I wouldn't give raw eggs too often... if at all.
There is something in them that causes a biotin deficiency.
It prevents their bodies from absorbing Biotin and they really need it.


----------



## American_Pit13 (Apr 23, 2007)

You could use a raw egg once a week if you would like, and with the chicken you are much better off feeding it raw, as cooking ruins it as far as the dog is concerned. Dogs are not meant to have cooked food. No one cooks a deer before a wolf eats it.

I am also same as miss Dixie up there. I am a girl too lol. The majority here is actually lmao.


----------



## Blue~Diamond (Sep 4, 2011)

MamaTank said:


> Welcome to the forum! Pretty girl you got there
> I really don't know much about Bullies, but she's really cute


Thank you so much ) u have a cutie yourself..


----------



## Blue~Diamond (Sep 4, 2011)

Wow great advice and Fast!! Sorry again dont wanna affend anyone.. So raw chicken is better!! Sounds good . have you ever heard of Bully Max supplements?? Wanna know if any one tryed them before?


----------



## MamaTank (Jun 12, 2011)

Blue~Diamond said:


> Thank you so much ) u have a cutie yourself..
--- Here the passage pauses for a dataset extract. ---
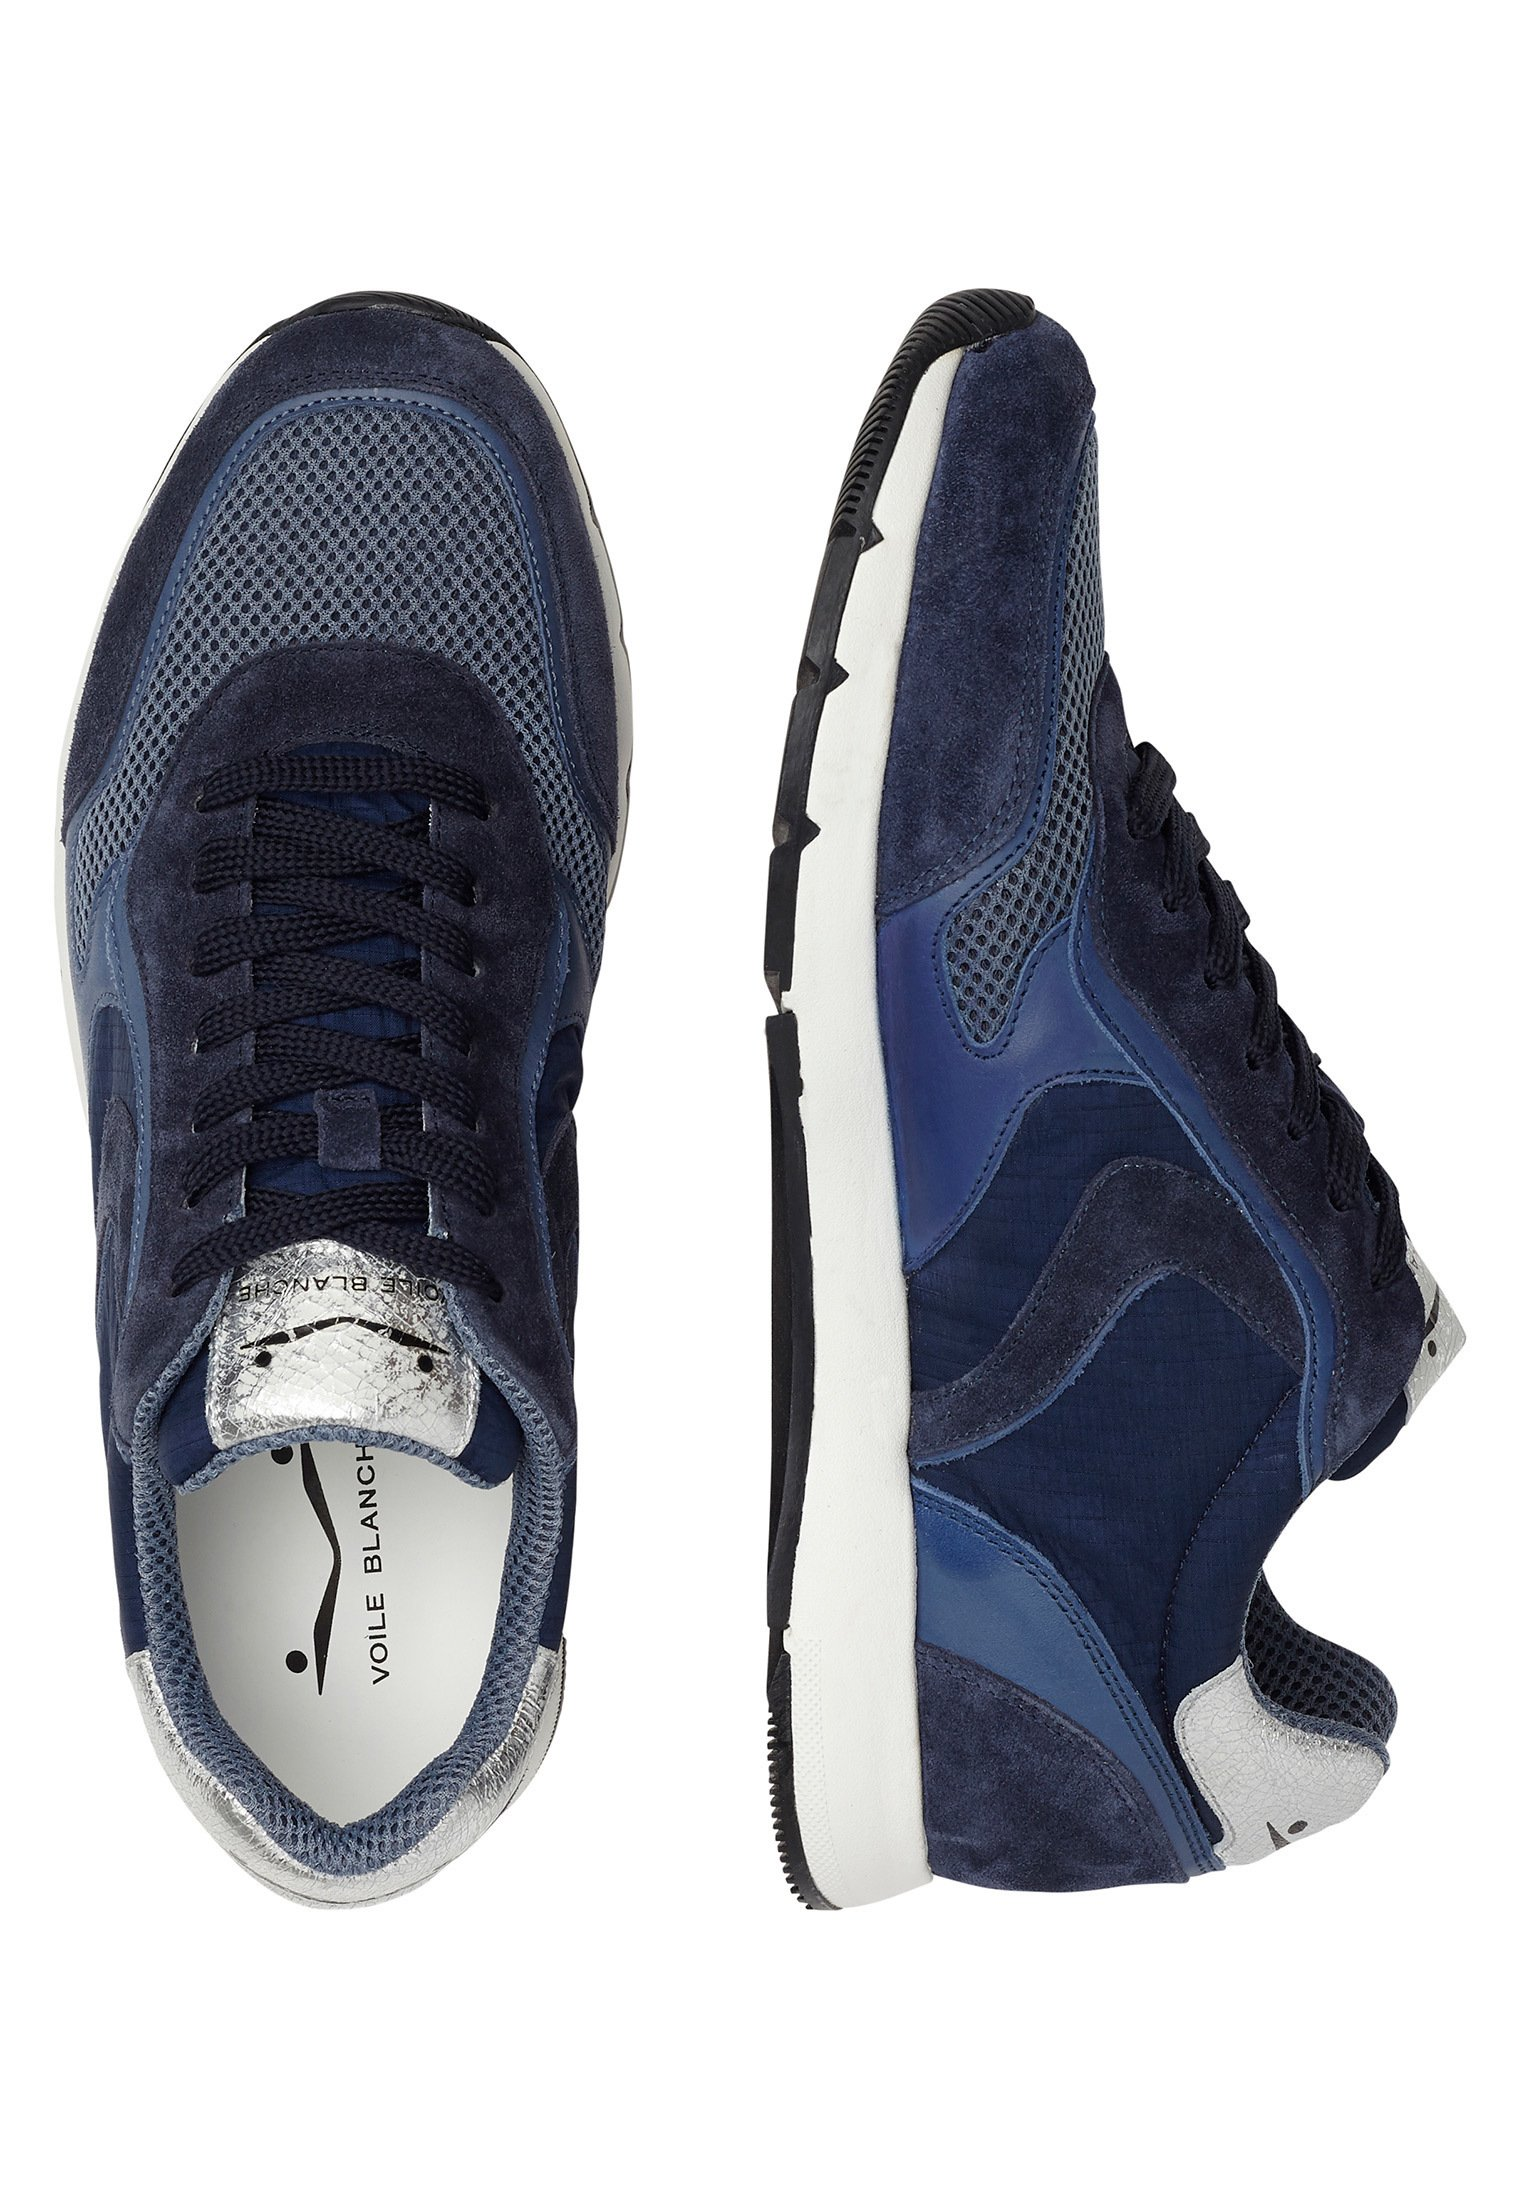 Voile Blanche REUBENT - Sneakers basse - blau | Scarpe 2020

You're welcome, and thank you!


----------



## Xiahko (Feb 24, 2010)

Beautiful dog!


----------



## 9361 (Jun 25, 2009)

I bet she will round out in the 60lb range if kept at a healthy weight. Just remember it's less about weight and more about proportion. My dog stopped gaining weight at around a year but still filled out in other body places til she was about 3.


----------